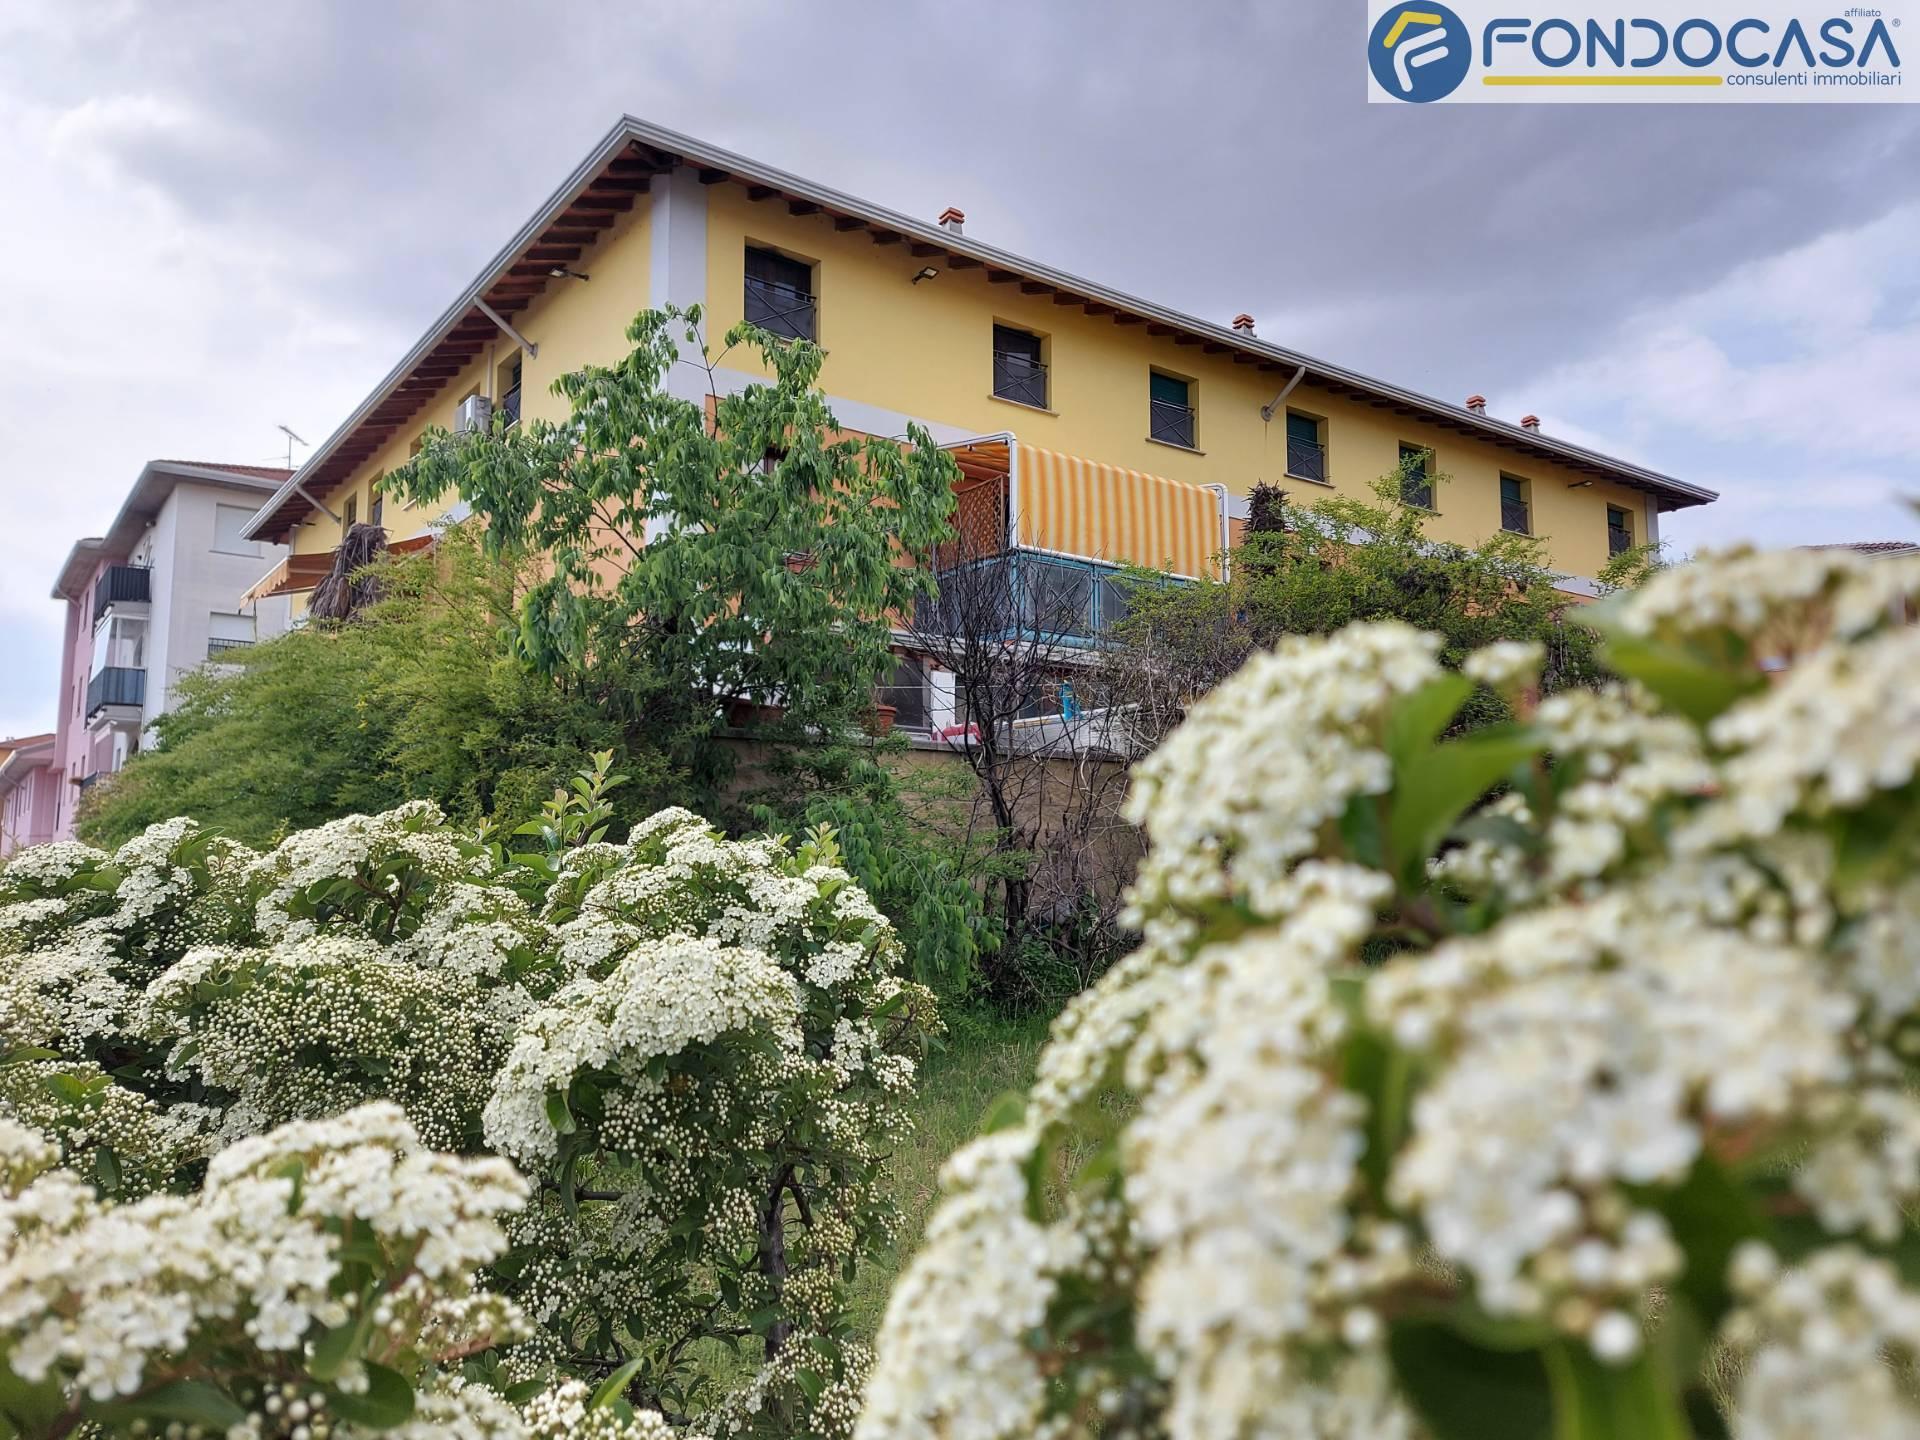 Appartamento in vendita a Castiglione delle Stiviere, 3 locali, prezzo € 124.900 | CambioCasa.it
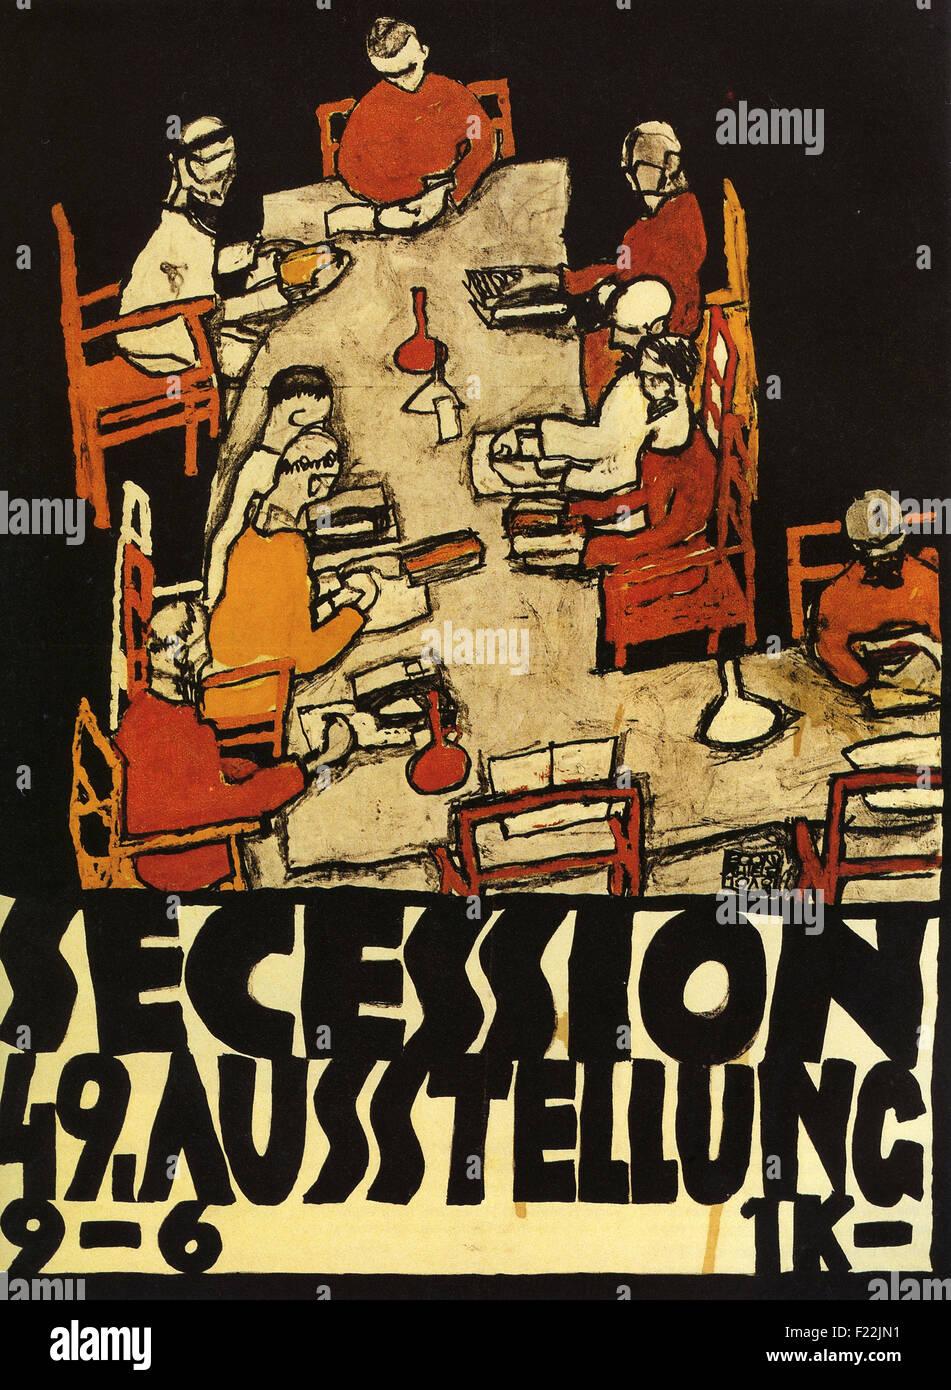 Egon Schiele - Poster per la Secessione di Vienna, 49th Exhibition, Die Freunde Immagini Stock
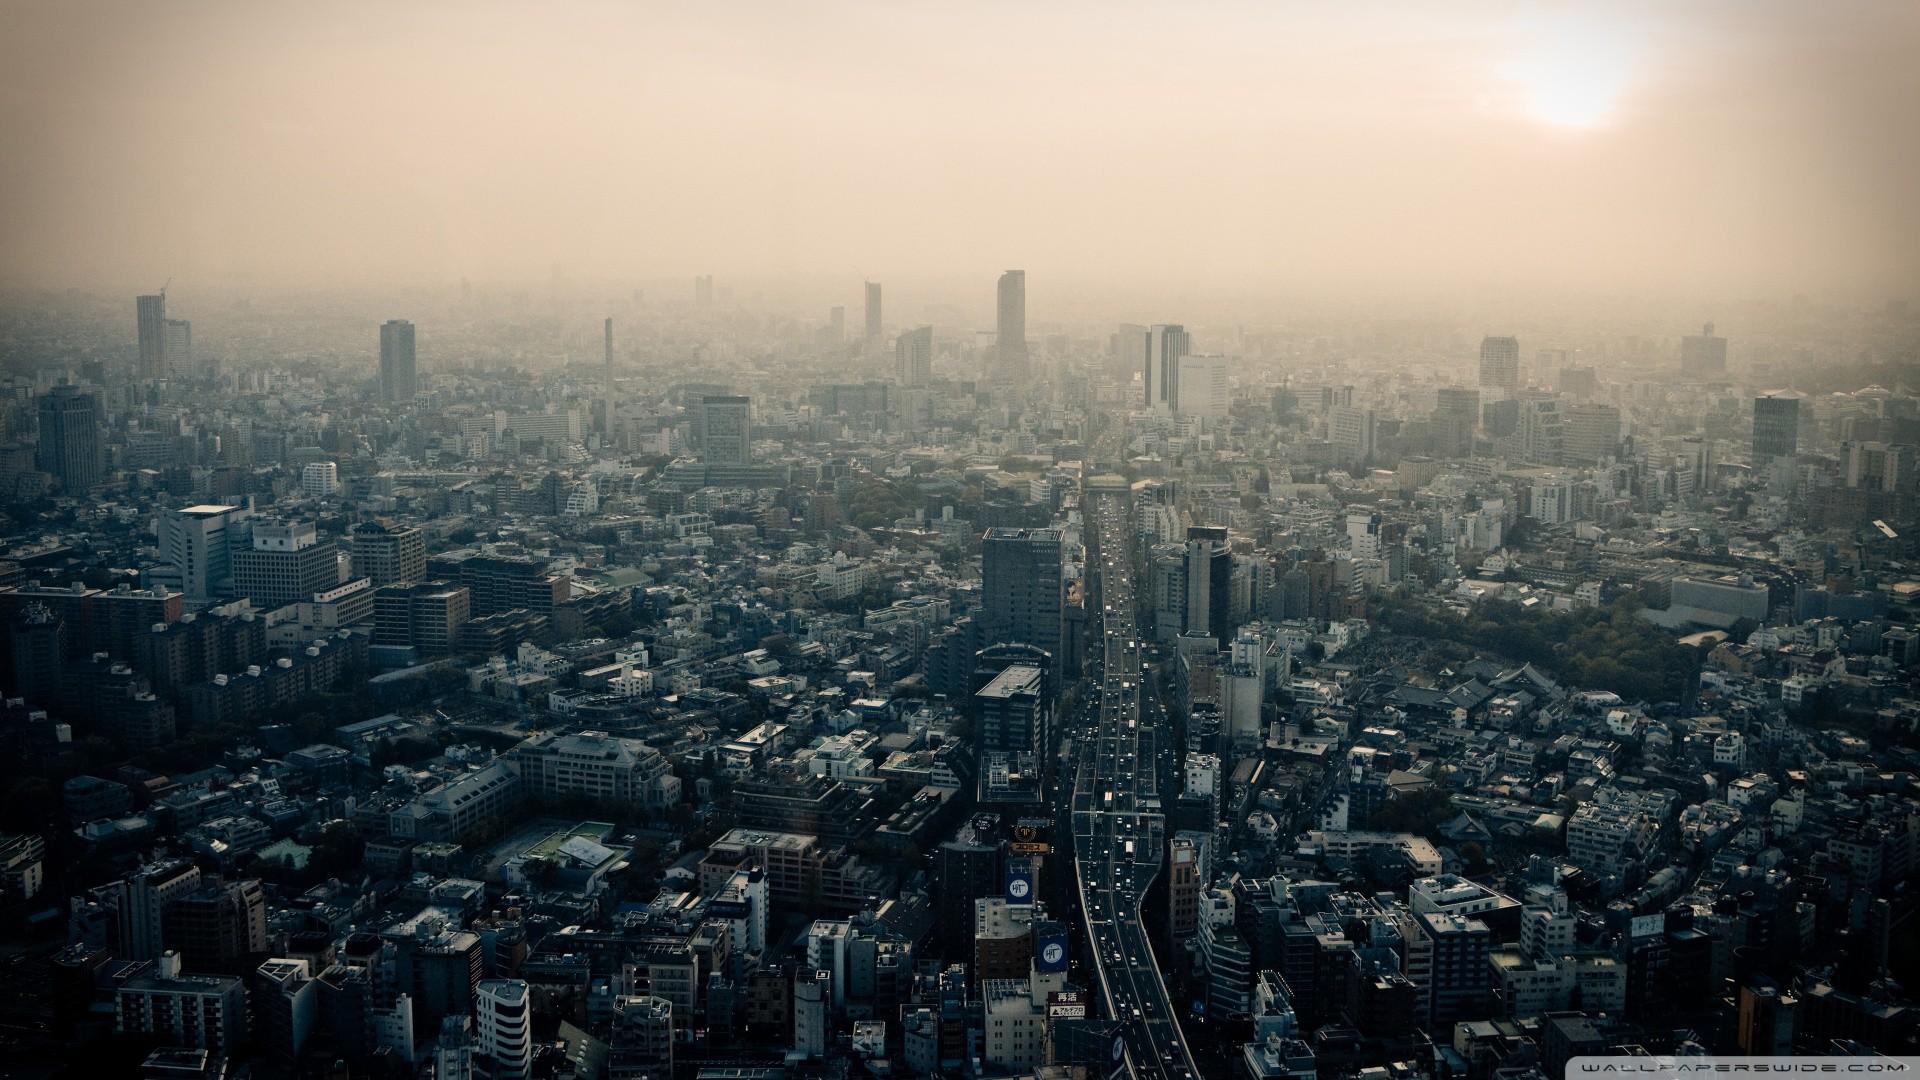 Tokyo Japan Bokeh City HD desktop wallpaper High Definition
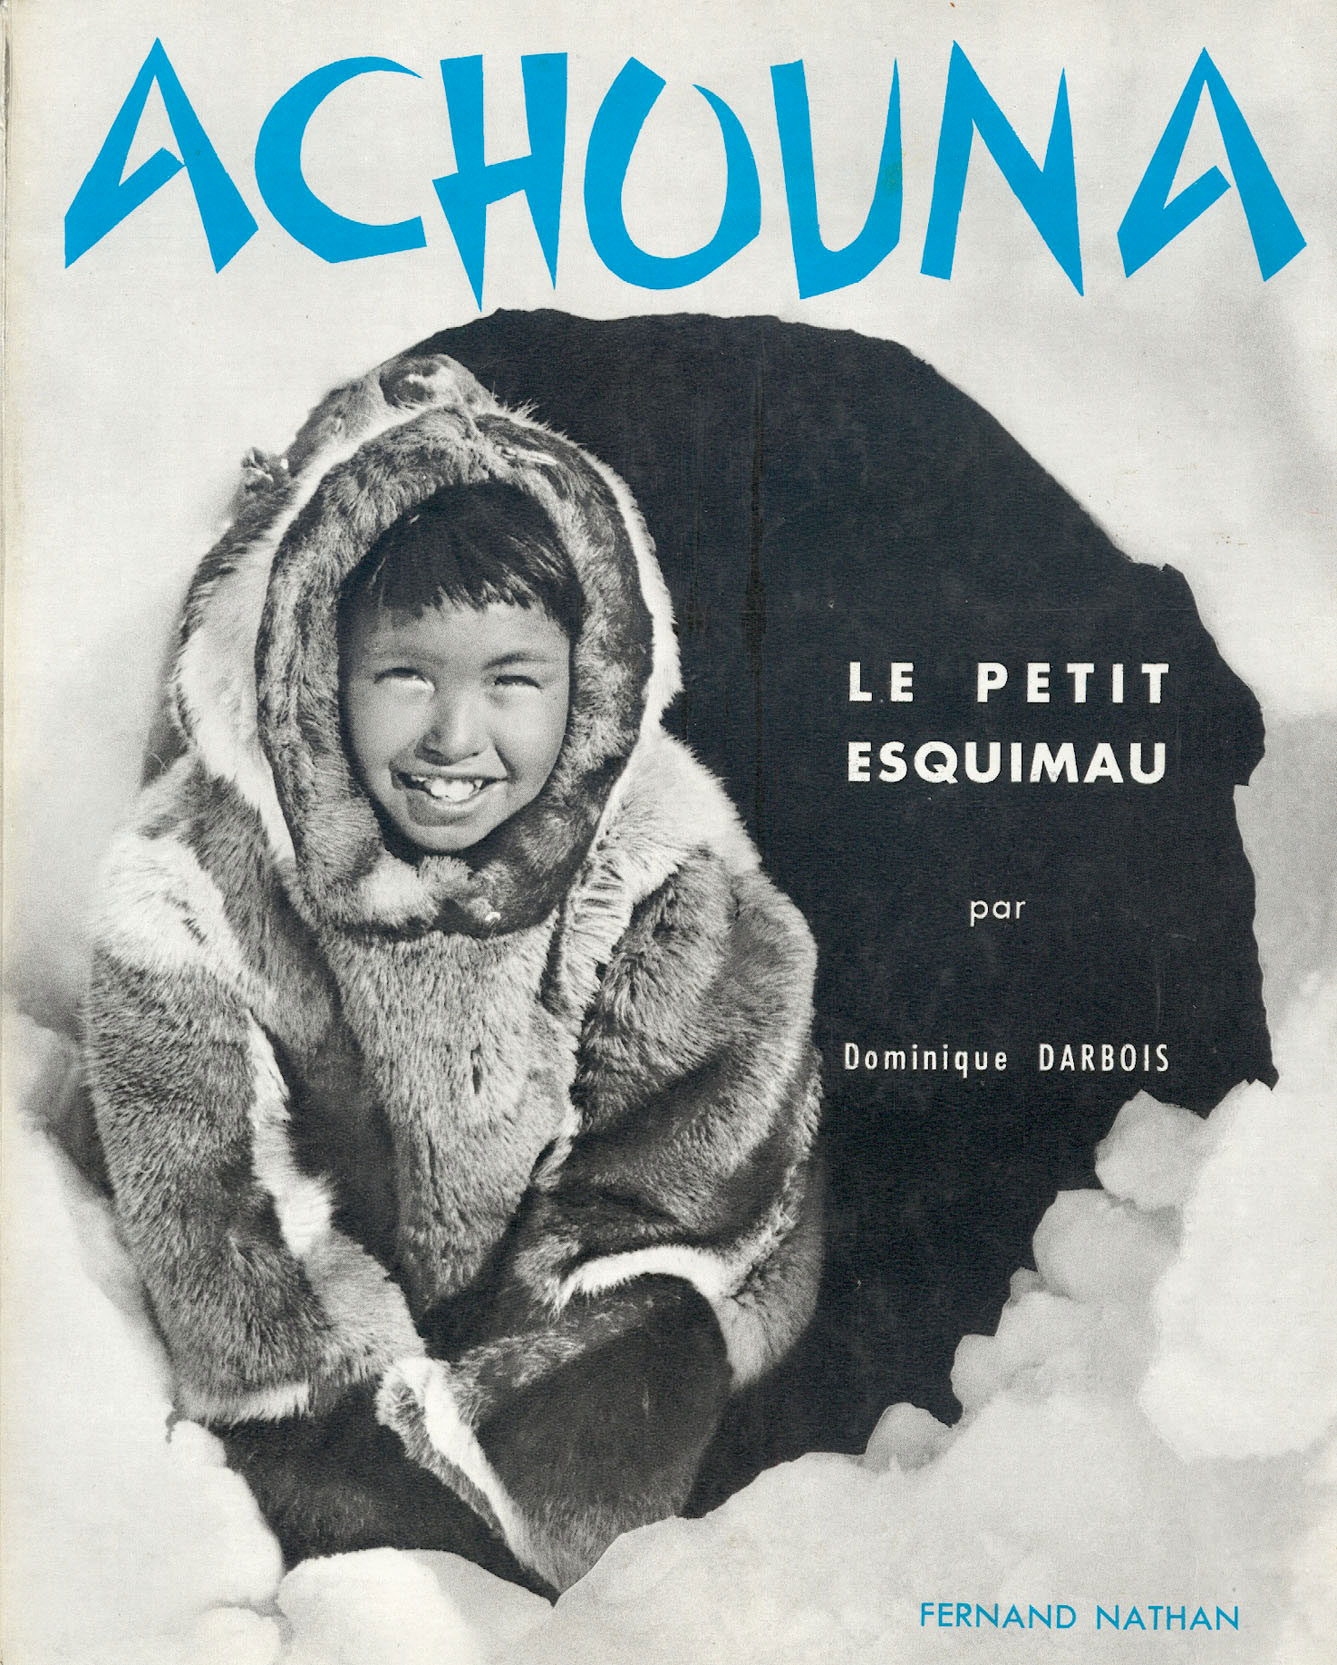 dominique-darbois-livre-collection-enfants-du-monde-graphisme-achouna

+-------+

Directions for this task: Please write out, exactly, every line from the line with "Tokyo Japan Bokeh" through the final line of the data above, leaving out pictures.

Task response:
 Tokyo Japan Bokeh City HD desktop wallpaper High Definition
 dominique-darbois-livre-collection-enfants-du-monde-graphisme-achouna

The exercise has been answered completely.